HI produced significant increases in arginase activity at both 3 and 90 days in the ipsilateral hemisphere and this was prevented by CMZ. Assessment of arginase activity in the contralateral hemisphere and cerebellum, failed to reveal any significances between any of the treatment groups.
CONCLUSIONS AND SIGNIFICANCE
In this study we employed histological, electrophysiological, and biochemical techniques to evaluate the acute and lasting neuroprotective properties of CMZ in a modified ‘Levine’ rat-pup model of HI. Assessment of neuronal damage 3 and 90 days post-HI revealed extensive infarction ipsilateral to the carotid occlusion. CMZ was found to be neuroprotective in this model of HI-induced neuronal damage, and confirms and extends similar results in prior in vivo and in vitro models of ischemia. Notably, this is the first time that CMZ has been shown to be protective out to 90 days postinsult.
A substantial functional (i.e., electrophysiological) impairment was observed contralateral to the occlusion, even in the absence of any gross anatomical damage, suggesting that a lasting transhemispheric diaschisis of hippocampal function follows HI in the rat. As noted, numerous studies of HI damage have used the contralateral hemisphere as an ‘internal control’. However, remote changes in contralateral CNS regions have been documented in which loss of function within an injured area renders other regions less responsive to stimuli.
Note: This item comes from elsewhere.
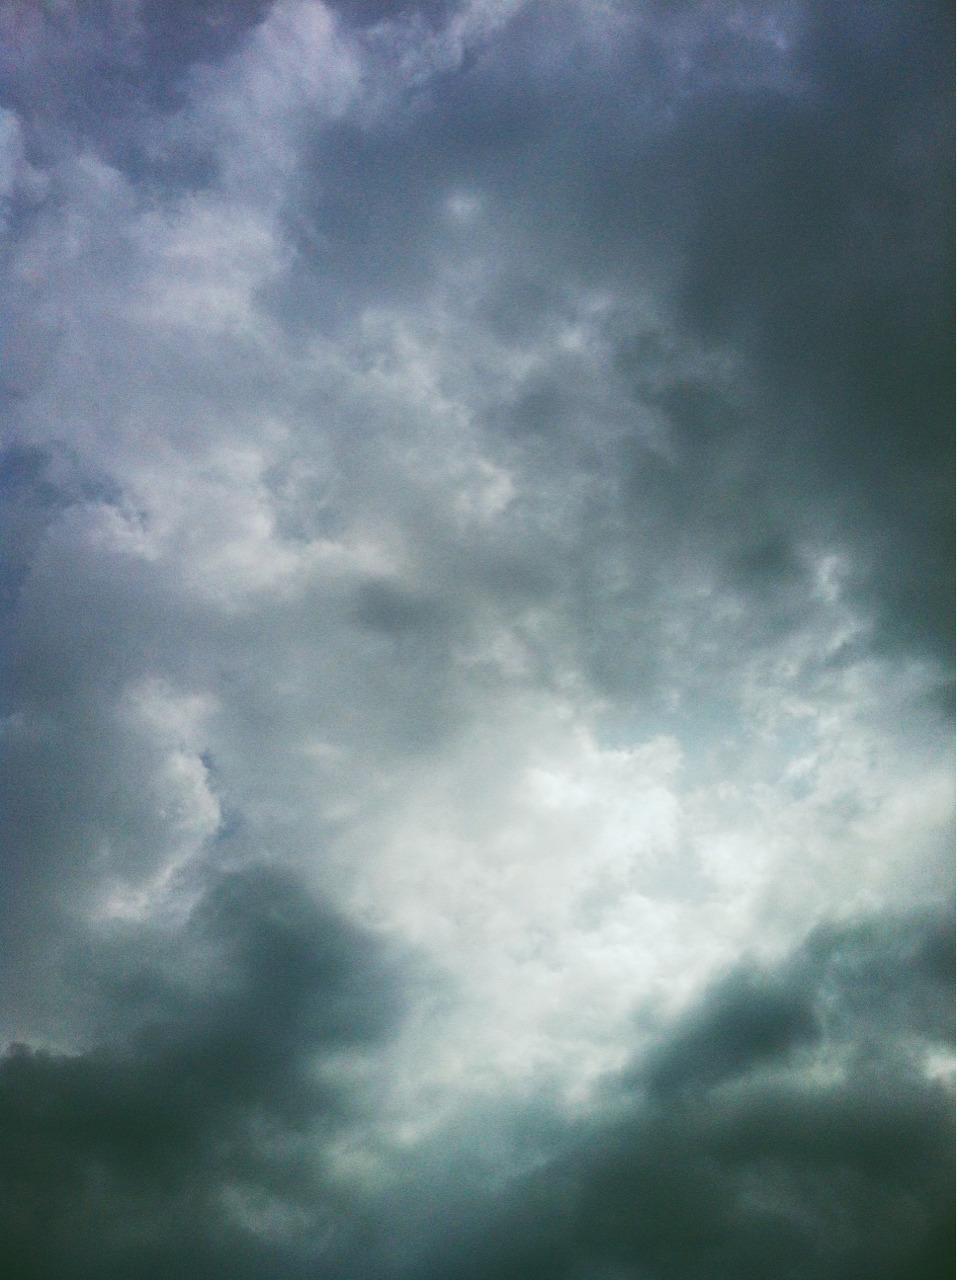 #rainy #cloudy #sun #emerging #skies

Our study is the first to document a marked functional diaschisis of hippocampal field potentials extending to 90 days post-HI, with CMZ providing virtually complete preservation of function at all time points.
We found that hippocampal local circuit inhibition is not only intact after HI, but is in fact enhanced contralateral to the lesion at short ISI’s, while significant increases in paired-pulse facilitation were evident at longer ISI’s at both 3 and 14 days post-HI. The enhanced inhibition at short ISI’s suggests that diaschisis after HI may involve compensatory remodeling or neurochemical changes that serve to suppress hippocampal excitability. The further enhancement of inhibition after CMZ suggests that even a relatively brief treatment with this compound facilitates these compensatory processes to provide lasting protection.
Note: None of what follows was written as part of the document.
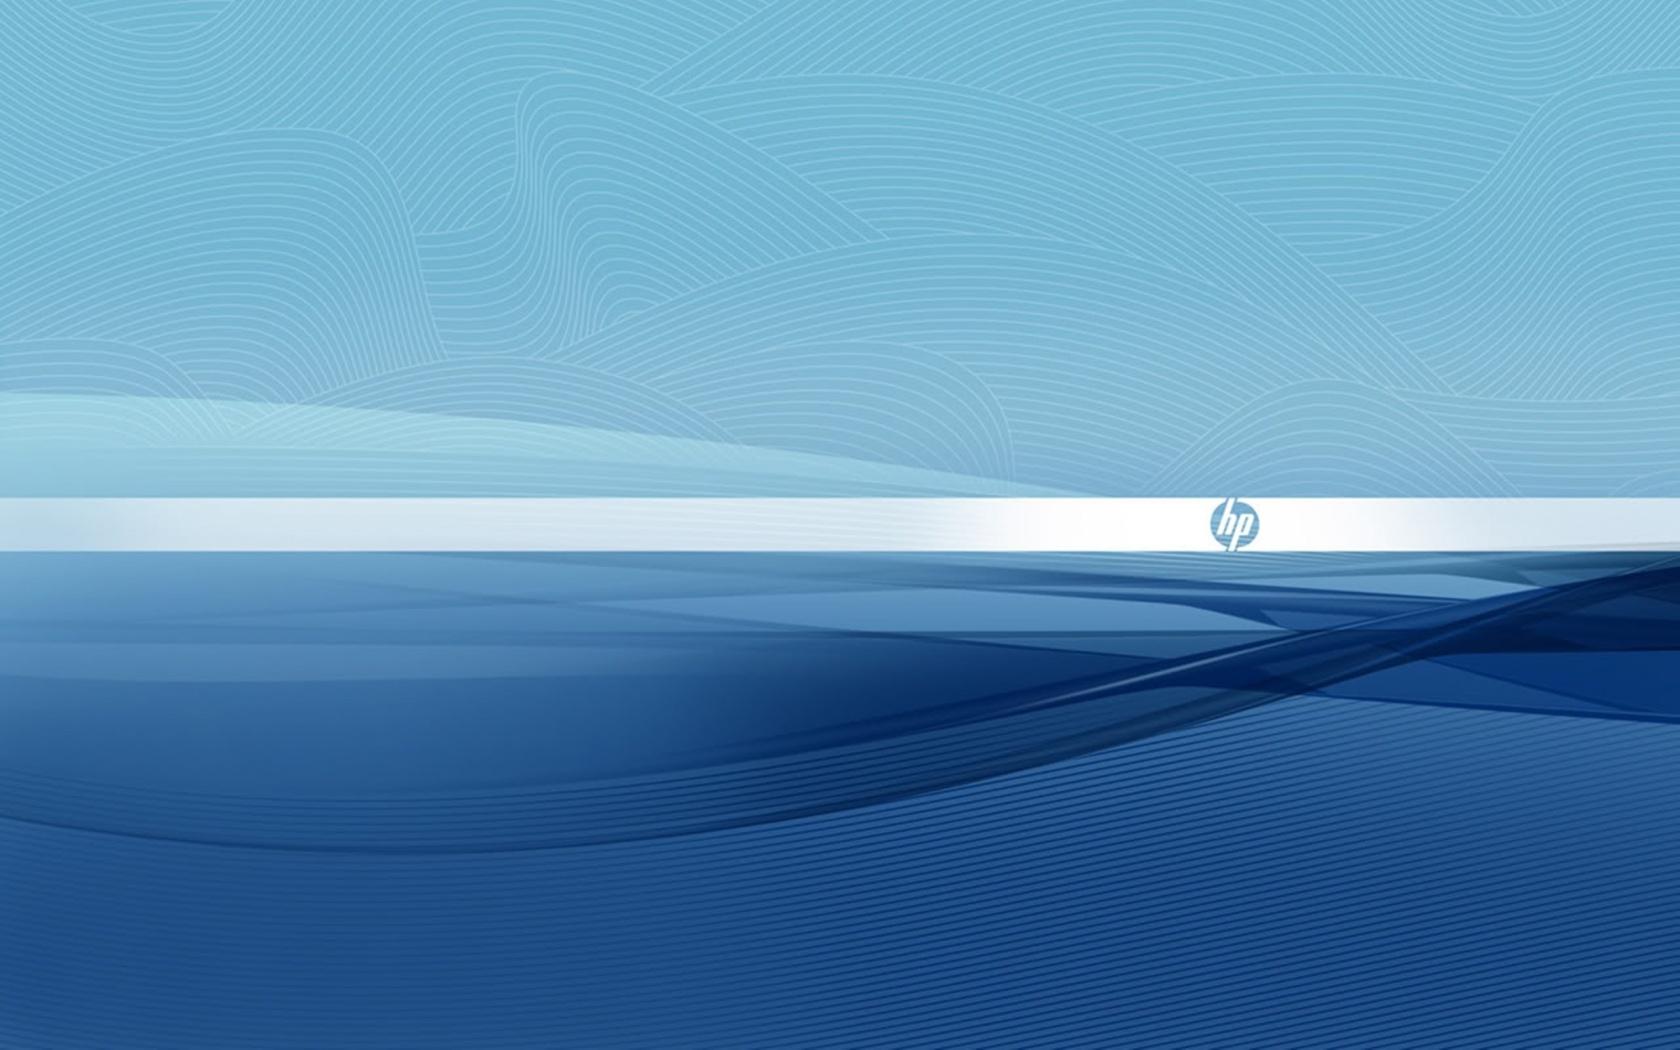 hp wallpapers download Desktop Backgrounds for HD Wallpaper 1680x1050

Assessment of NOS and arginase after HI revealed significant elevations of iNOS and arginase activity in the left (ligated) hemisphere. Previous reports have shown that increased iNOS activity and/or alteration of the arginase/polyamine pathway are associated with damage to neurons. In the present study, CMZ treatment resulted in a significant decrease in arginase and iNOS activity after HI. A significant increase in total NOS activity was also seen, and is most likely due to increased ecNOS or nNOS activity. Previous studies have shown that an increase in total NOS activity, in the absence of increased iNOS activity, is neuroprotective, and that ecNOS is the isoform that underlies these beneficial effects. Our results reinforce the hypothesis that suppression of arginase and iNOS activities by CMZ effectively increases the conversion of L-arginine to L-citrulline by ecNOS and results in neuroprotection.
Our findings support previous work in this area showing that the GABAA allosteric modulator clomethiazole is neuroprotective. Using a robust model of hypoxia-ischemia, we observed virtually complete anatomical and functional neuroprotection out to 3 months post-HI. Ample evidence supports the view that CMZ is both GABAmimetic and antiinflammatory, and these properties together provide neuroprotection. Our findings reinforce this and suggest that widespread functional diaschisis after stroke or focal damage can be prevented by timely treatment with such agents.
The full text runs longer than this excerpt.